One reasonable model: sequential consistency
  Is an execution (a set of operations) correct?
  There must be some total order of operations such that
  1. all CPUs see results consistent with that total order
     i.e. reads see most recent write in the total order
  2. each CPU's instructions appear in-order in the total order

Intuitive justification:
  The single total order means it's easy for one CPU to predict what
    other CPUs will see
  The "consistent with" and lack of real time may make it easy to implement
  The system appears free to interleave instruction streams however it likes
    to form the total order
  However! When executing in real time, once the system reveals
    a written value to a read operation, the system has committed to a
    little bit of partial order. this may have transitive effects.
  So in real life the system only has freedom in ordering more or
    less concurrent operations -- ones that haven't been observed yet

Problems A and B above examples of a memory system that is not
sequentially consistent

  It is not possible to construct a total order that captures
  execution A and B. Consider execution A. In the total order op 1
  must precede op2 because CPU 0 executes them in that order, but op2
  must precede op1 on CPU 1.  We cannot have a single total order in
  which both are true.  A similar argument holds for execution
  B. Therefore the a memory system that allows the execution A and B
  could not have been sequentially consistenty.

  To proof that a memory system is sequentially consistent we have to
  merge the total orders of ops on each processor into a global total
  order.  Some ops create a partial order between between different
  cpus because they the op causes a value to be visible at another
  cpu, which is then used there.  We have to show that all possible
  partial orders that the protocol of the memory systems can create
  can be embedded in a global total order.

Let's look at IVY.  What consistency does it provide and how?

Why is Ivy cool?
  All the advantages of *very* expensive parallel hardware.
  On cheap network of workstations.
  No h/w modifications required!

Do we want a single address space?
  Or have programmer understand remote references?
Shall we make a fixed partition of address space?
  I.e. first megabyte on host 0, second megabyte on host 1, &c?
  And send all reads/writes to the correct host?
    We can detect reads and writes using VM hardware.
    I.e.

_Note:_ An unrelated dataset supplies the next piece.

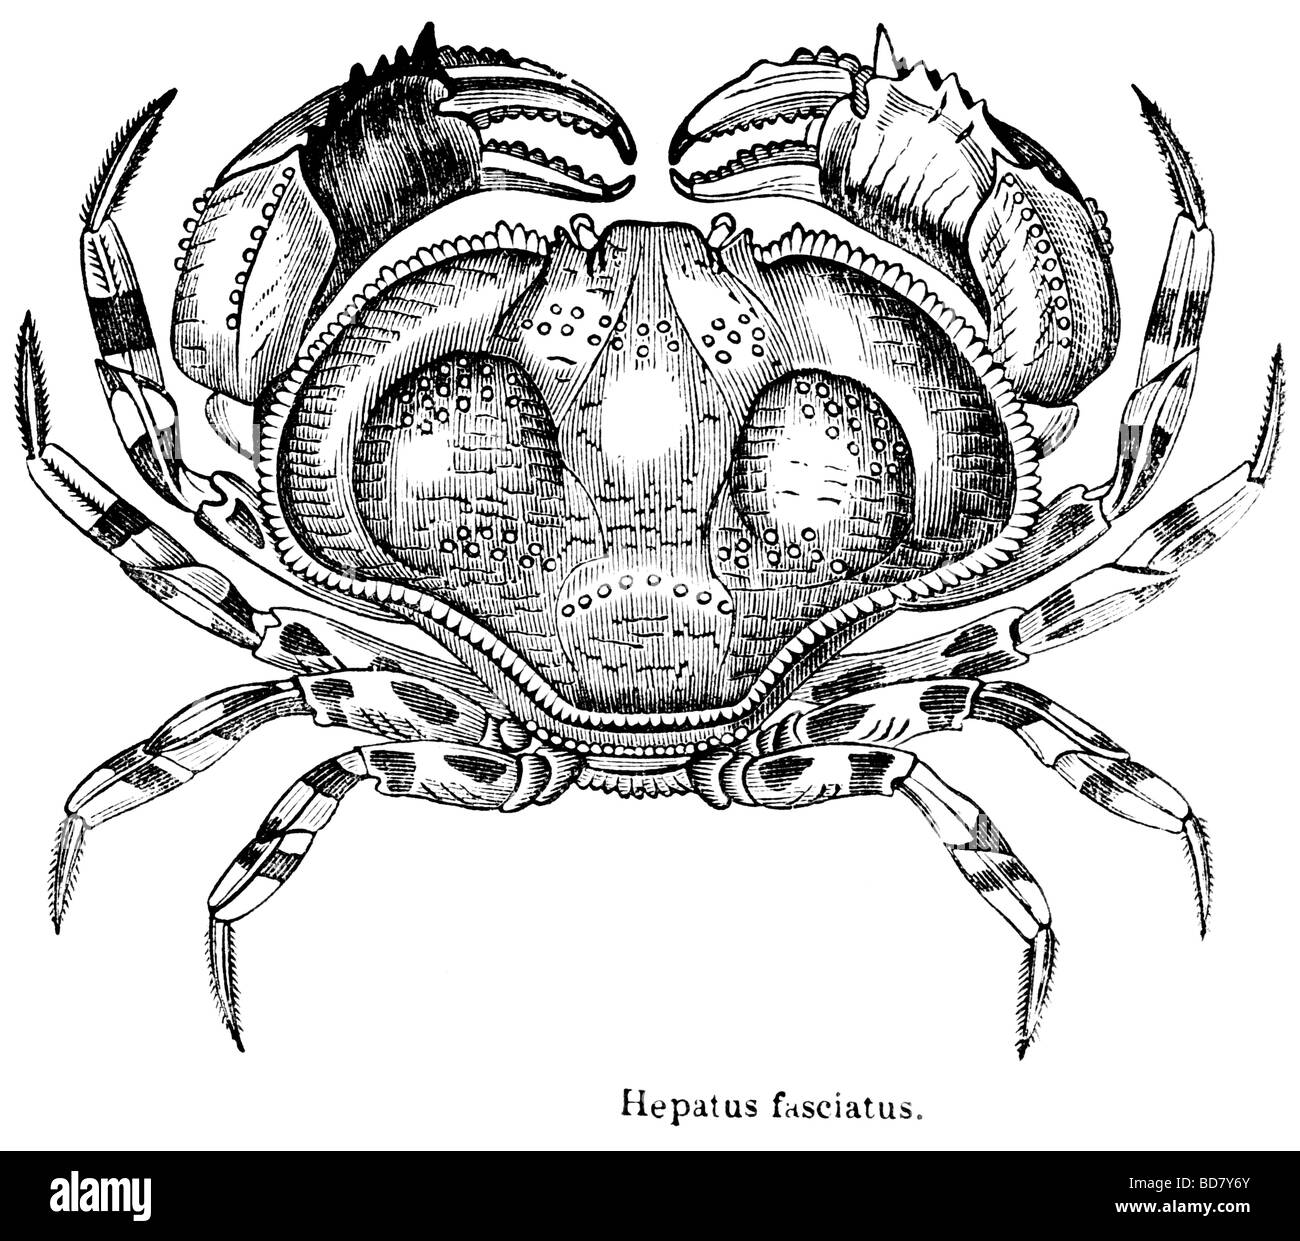 Hepatus fasciatus Stockfoto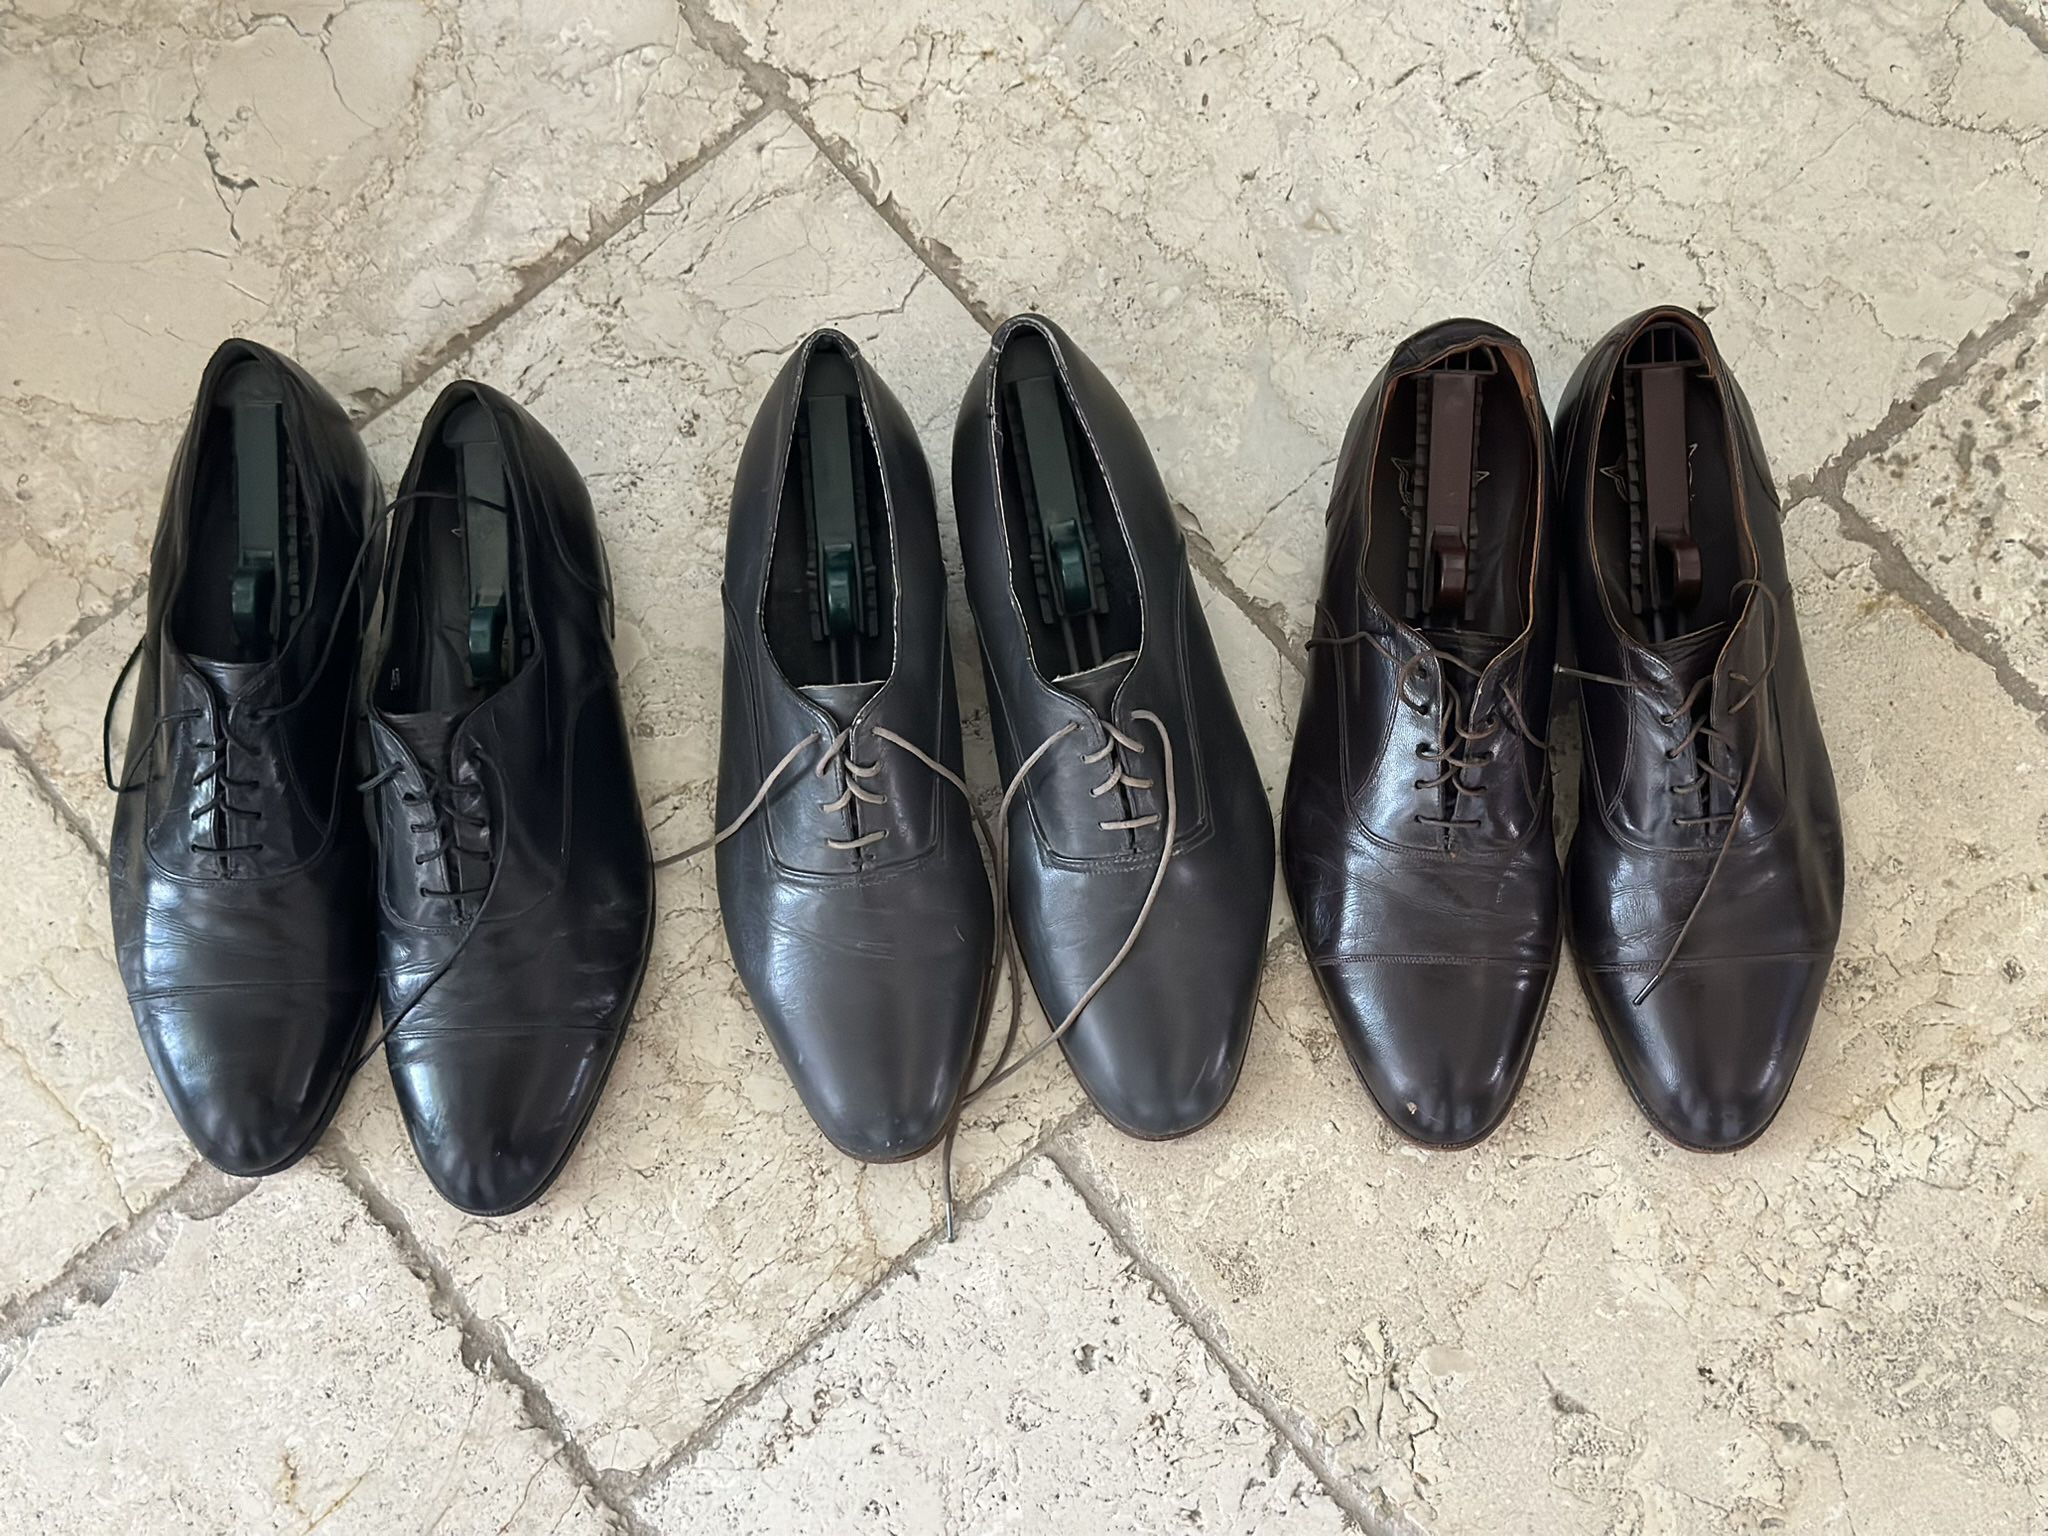 3 Pair Men’s Florsheim Dress Shoes Size 12

I read- or write-protect remote pages.
  What if we didn't do a good job of placing the pages on hosts?
  Maybe we cannot predict which hosts will use which pages?

Could move the page each time it is used.
  When I read or write, I find current owner, and I take the page.
  So need a more dynamic way to find current location of the page.
  What if lots of people read a page?

Move page for writing, but allow read-only copies.
  When I write a page, I invalidate r/o cached copies.
  When I read a non-cached page, I find most recent writer.
  Works if pages are r/o and shared, or r/w by one host.
  Only bad case is write sharing.
  When might this arise? False sharing...

How does their scheme work? Section 3.1
  three CPUs, one MGR, draw table per entity


ptable: on per CPU, one entry per page
  lock
  access (read or write or nil)
  i_am_owner (same as write?)

info: just on MGR, one entry per page
  lock
  copy_set
  owner
 
Message types:
  RQ read query (reader to MGR)
  RF read forward (MGR to owner)
  RD read data (owner to reader)
  RC read confirm (reader to MGR)
  WQ
  IV
  IC
  WF
  WD
  WC

scenario 1: owned by CPU0, CPU1 wants to read
  0. page fault on CPU1, since page must have been marked invalid
  1. CPU1 sends RQ to MGR
  2. MGR sends RF to CPU0, MGR adds CPU1 to copy_set
  3. CPU0 sends RD to CPU1, CPU0 marks page as access=read
  4. CPU1 sends RC to MGR

scenario 2: owned by CPU0, CPU2 wants to write
  0. page fault on CPU2
  1. CPU2 sends WQ to MGR
  2. MGR sends IV to copy_set (i.e. CPU1)
  3. CPU1 sends IC msg to MGR (or does it? does MGR wait?)
  4. MGR sends WF to CPU0
  5. CPU0 sends WD to CPU2, clears access
  6. CPU2 sends WC to MGR

what if two CPUs want to write the same page at the same time?

problem:
  a write has many steps and modifies multiple tables
  the tables have invariants:
    MGR must agree w/ CPUs about the single owner
    MGR must agree w/ CPUs about the copy_set
    copy_set != {} must agree with owner's writeability
  thus write implementation should be atomic

what enforces the atomicity?
 what are the RC and WC messages for?
  what if RF is overtaken by WF?
  (I'm not sure about this. Perhaps they assume FIFO message order anyway?)
  (per-CPU ptable locks fix many potential races. they seem unnecessary!)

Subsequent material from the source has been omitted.